Pemeriksaan DPL (Diagnostic Peritoneal Lavage) dan USG abdomen
merupakan pemeriksaan bermanfaat untuk menentukan adanya perdarahan
intraabdomen.
5. Secondary Survey
Survei sekunder adalah pemeriksaan kepala sampai kaki (head to toe
examination), termasuk re-evaluasi pemeriksaan tanda vital.
A. Anamnesis
Setiap pemeriksaan lengkap memerlukan anamnesis mengenai riwayat
perlukaan. Biasanya data ini tidak bias didapat dari penderita sendiri dan
harus didapat dari keluarga tau petugas lapangan.

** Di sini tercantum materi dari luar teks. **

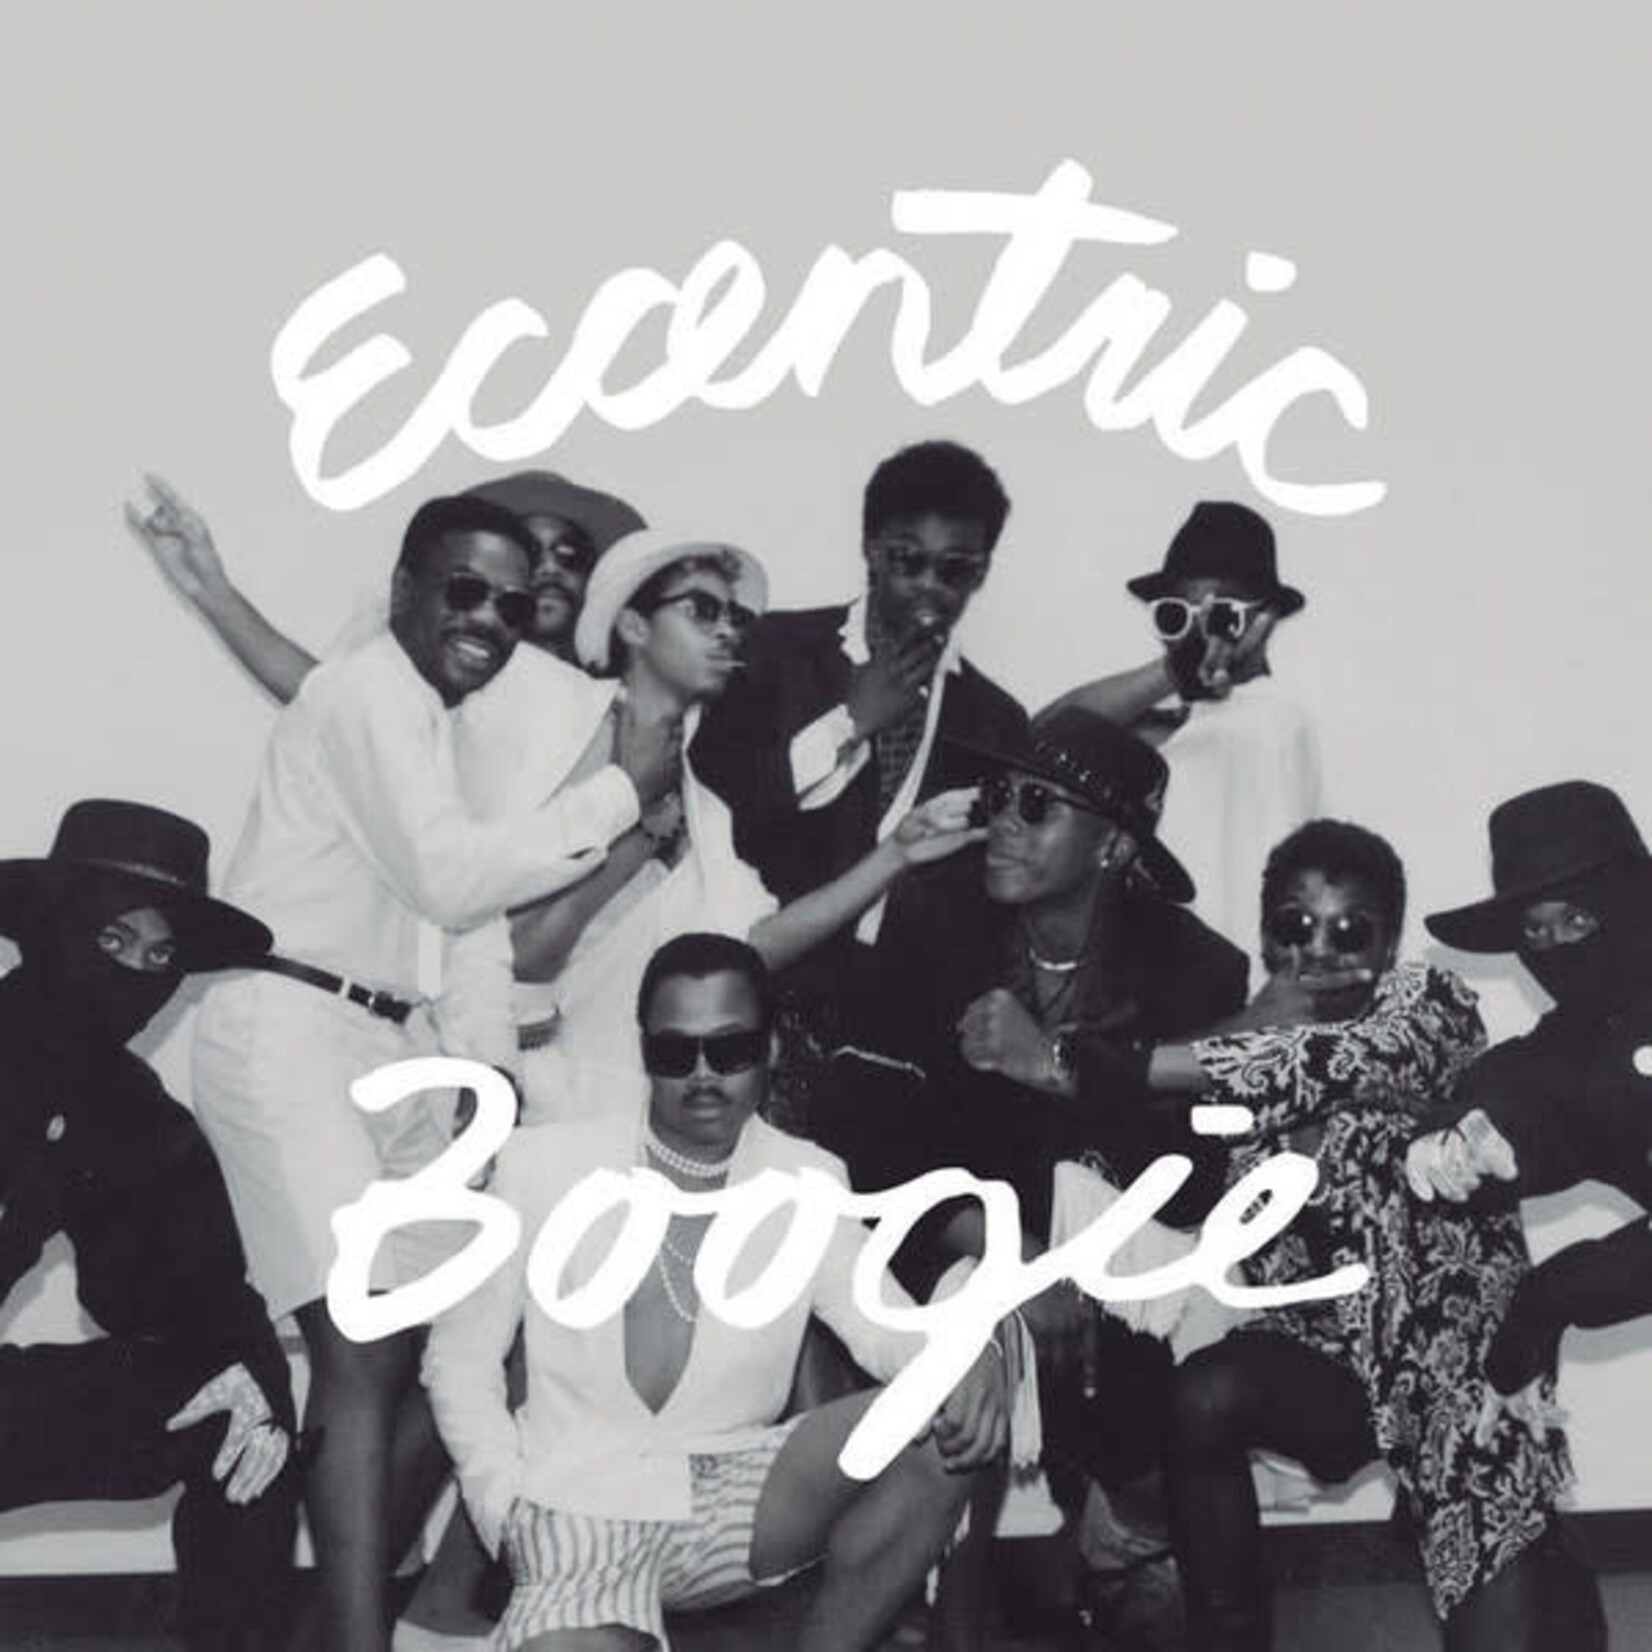 [New] Various Artists - Eccentric Boogie (frosted blue vinyl)

Patut ditanyakan riwayat AMPLE:
A : Alergi
M : Medikasi (obat yang diminumsaatini)
P : Past Illness (penyakitpenyerta) / Pregnancy
L : Last meal
E : Even / Environment yang berhubungandengankejadianperlukaan
Mekanisme perlukaan sangat menentukan keadaan penderita .Jenis perlukaan
dapat diramalkan dari mekanisme kejadian perlukaan itu. Trauma biasanya
dibagi menjadi beberapa jenis:
1. Trauma tumpul
Dapat disebabkan oleh kecelakaan lalu lintas, terjatuh dan kegiatan
rekreasi atau pekerjaan. Keterangan yang penting yang dibutuhkan
kecelakaan lalu lintas mobil adalah pemakaian sabuk pengaman,
deformasi kemudi, arah tabrakan, kerusakan kendaraan baik kerusakan
major dalam bentuk luar atau hal – hal yang berhubungan dengan
perlengkapan penumpang, dan terlemparnya keluar penumpang. Pola
perlukaan pada pasien dapat diramalkan dari mekanisme traumanya.

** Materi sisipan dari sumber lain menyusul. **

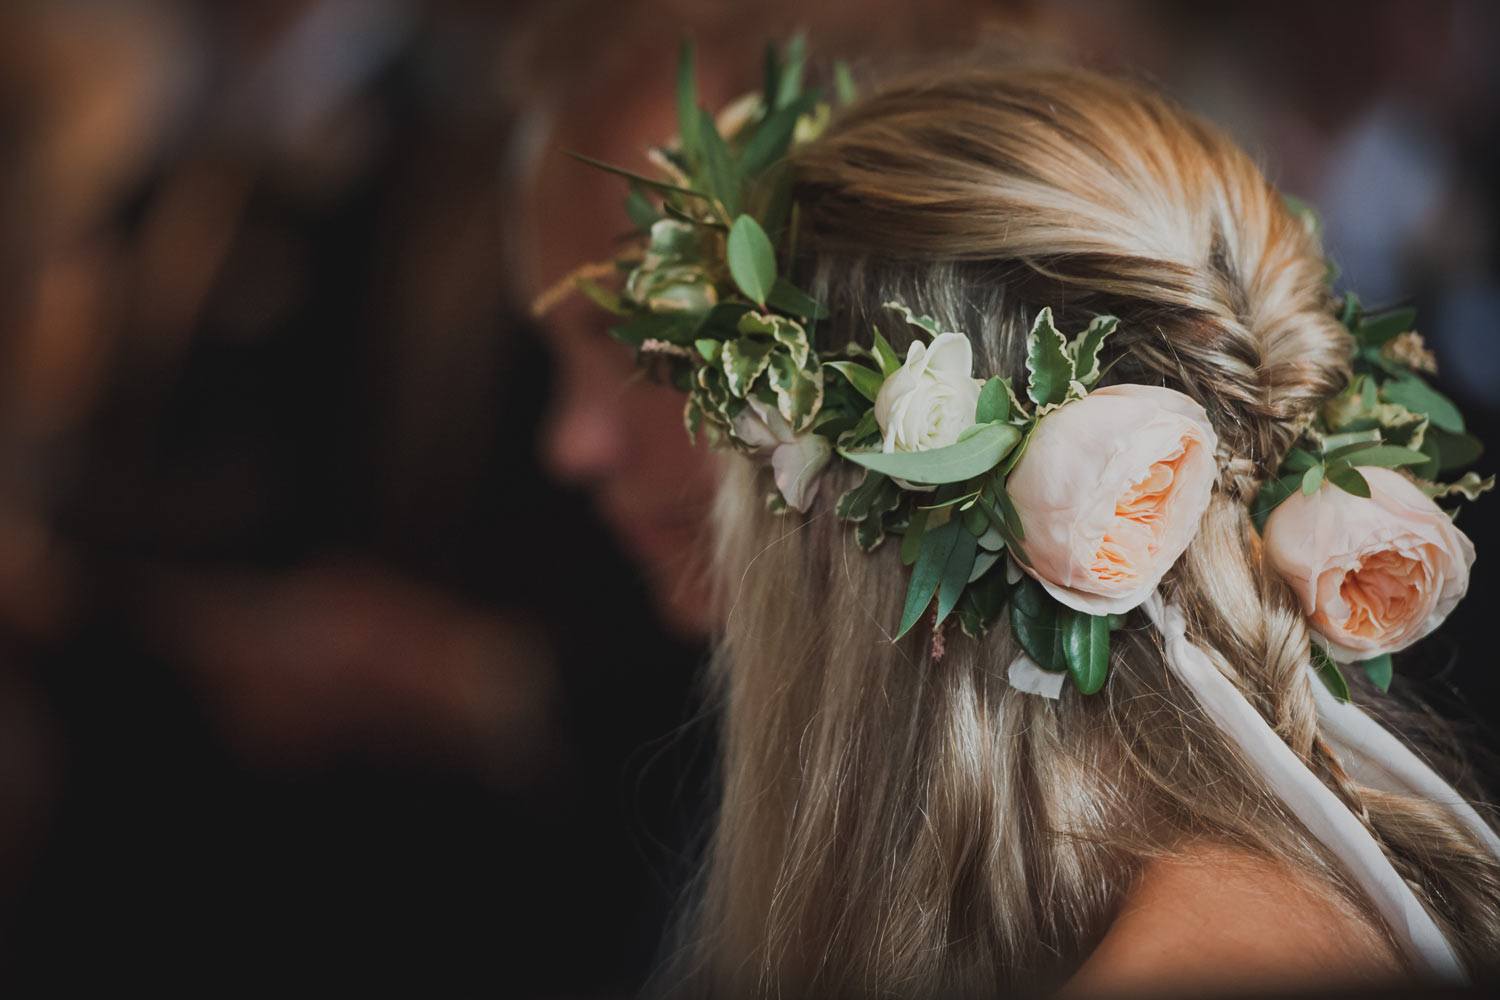 Bridal flower crown with peach garden roses

Trauma perlukaan juga sangat dipengaruhi usia dan aktivitas.
2. Trauma tajam
Trauma akibat pisau atau benda tajam dan senjata api semakin sering
ditemukan. Faktor yang menentukan jenis dan berat perlukaan adalah
daerah tubuh yang terluka, organ yang terkena dan velositas (kecepatan).
Dengan demikian maka velositas, kaliber, arah dan jarak dari senjata
merupakan informasi yang sangat penting diketahui.
3. Trauma termal
Luka bakar dapat terjadi sendiri atau dalam kombinasi dengan trauma
tumpul atau trauma tajam akibat mobilter bakar, ledakan, benda yang
terjatuh, usaha penyelamatan diri ataupun serangan pisau dan senjata api.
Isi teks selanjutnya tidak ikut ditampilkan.